══ Provided records

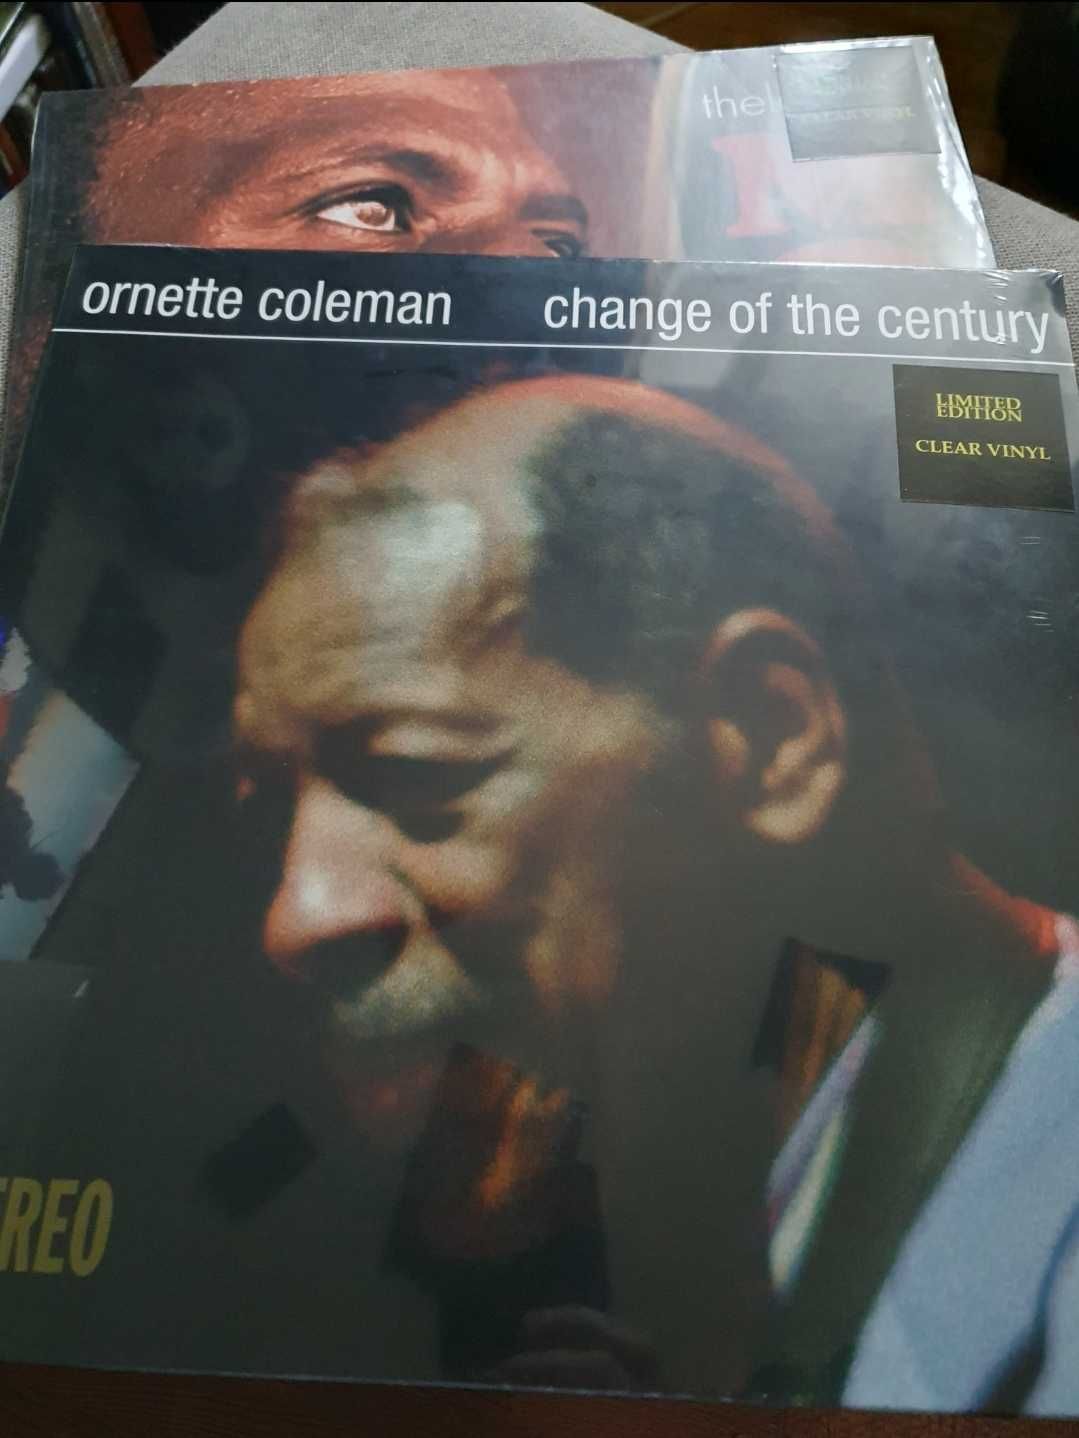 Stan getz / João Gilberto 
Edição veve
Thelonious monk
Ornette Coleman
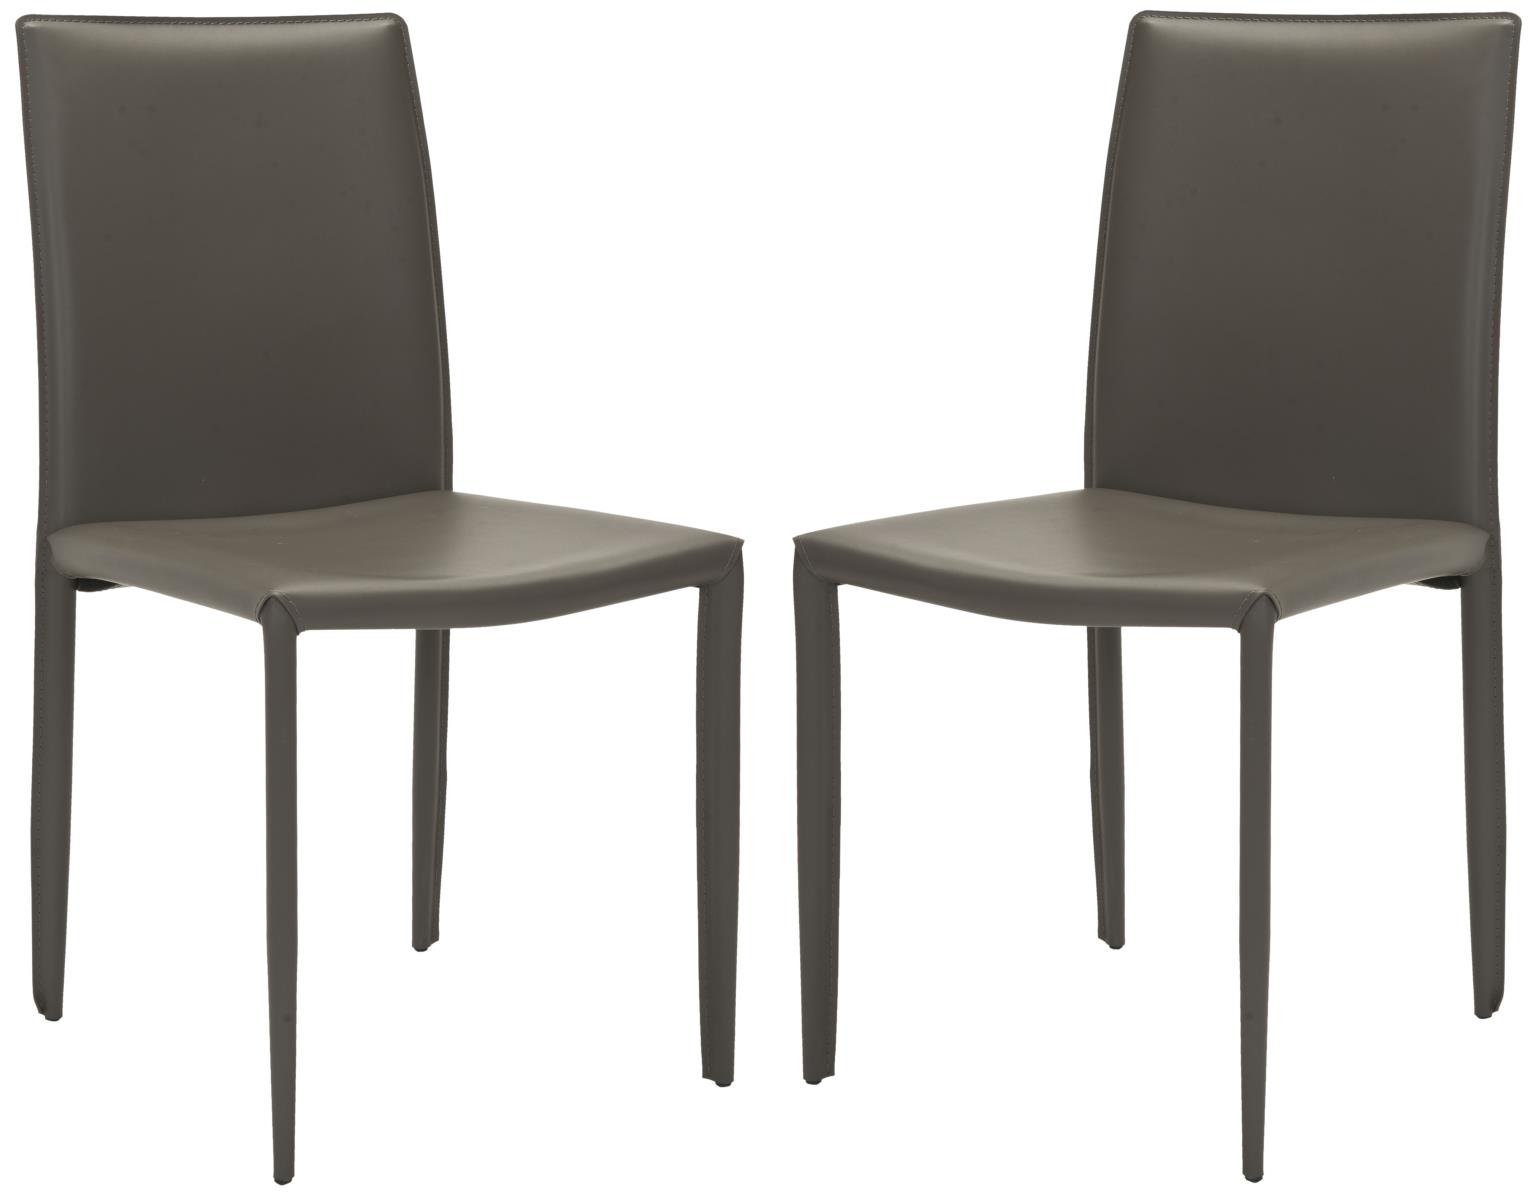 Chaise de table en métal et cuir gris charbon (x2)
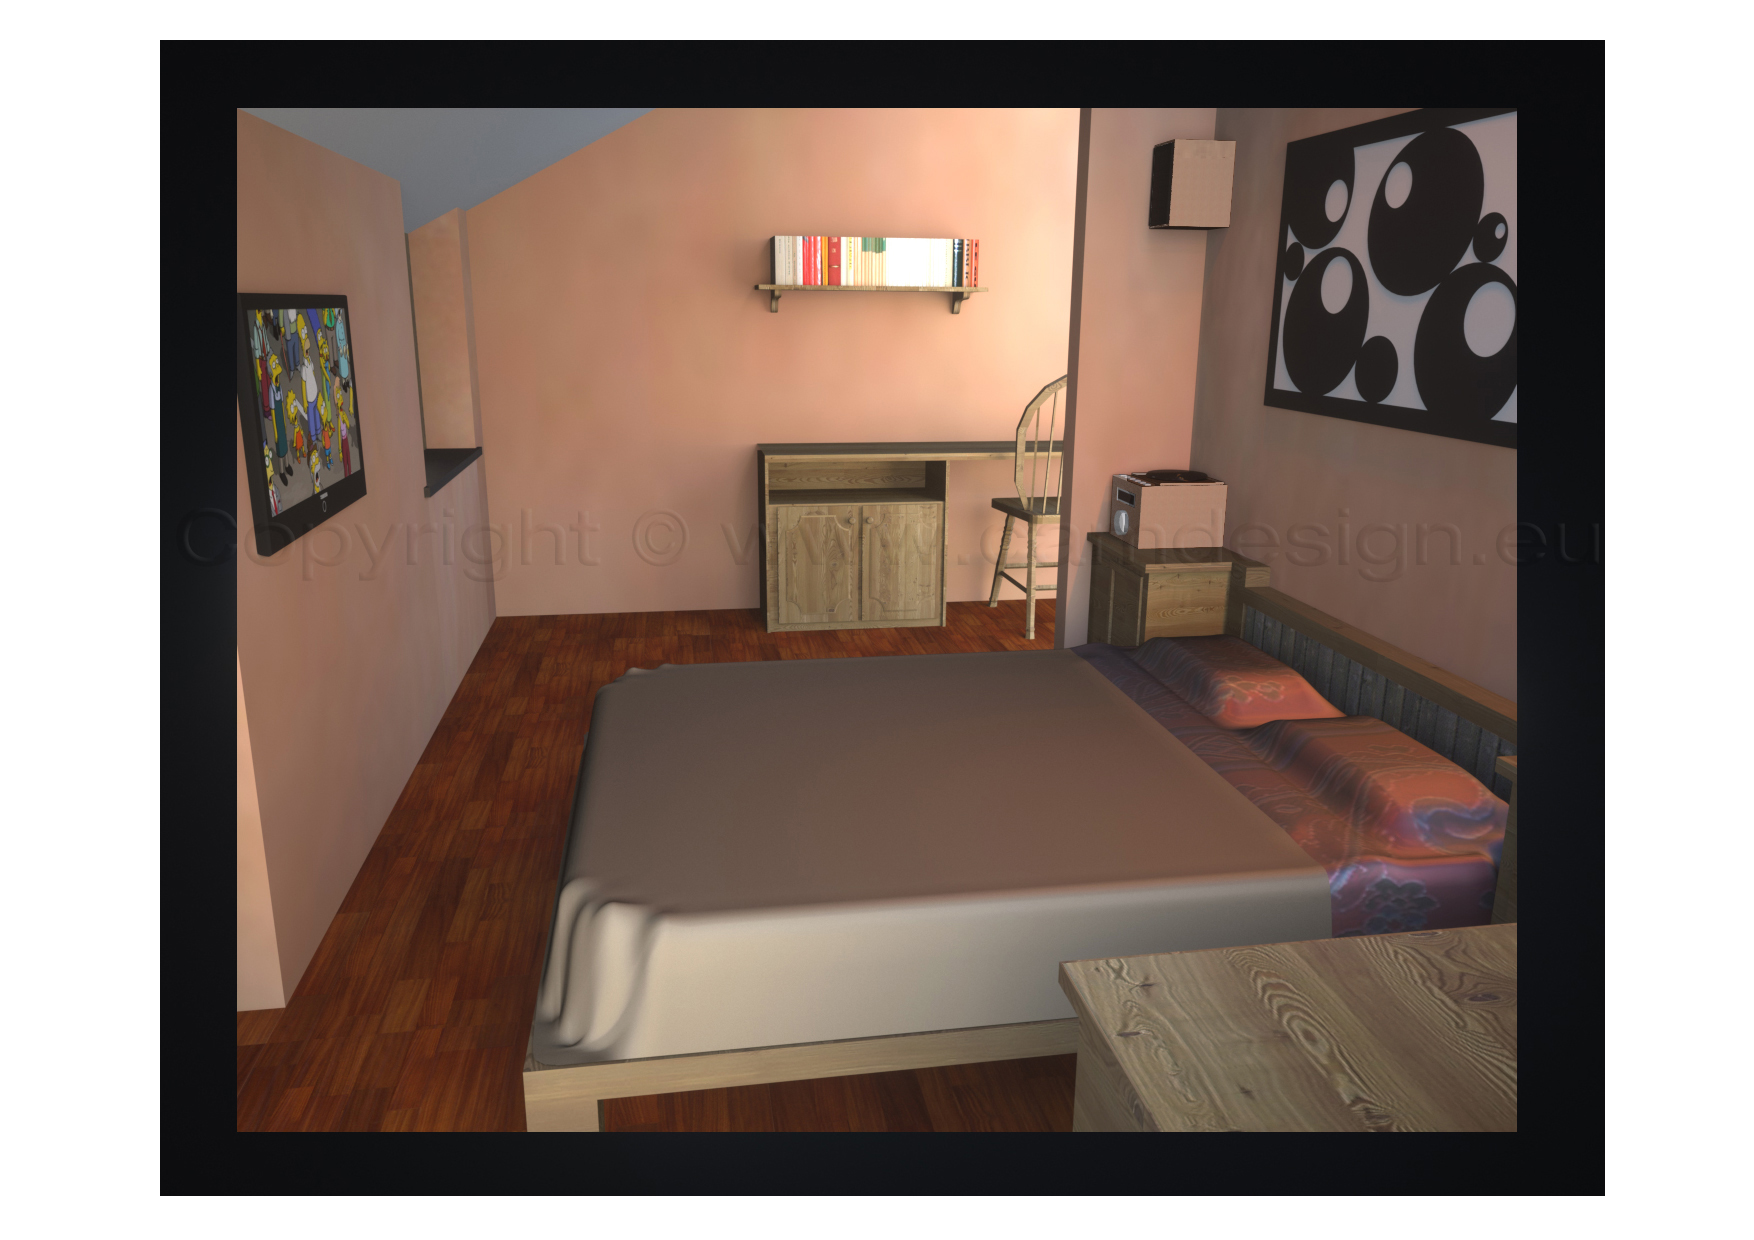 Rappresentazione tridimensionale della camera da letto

════

### Task goal
All of the data needs repeating exactly, but the pictures do not.

### Solution to the problem
 Stan getz / João Gilberto 
Edição veve
Thelonious monk
Ornette Coleman
 Chaise de table en métal et cuir gris charbon (x2)
 Rappresentazione tridimensionale della camera da letto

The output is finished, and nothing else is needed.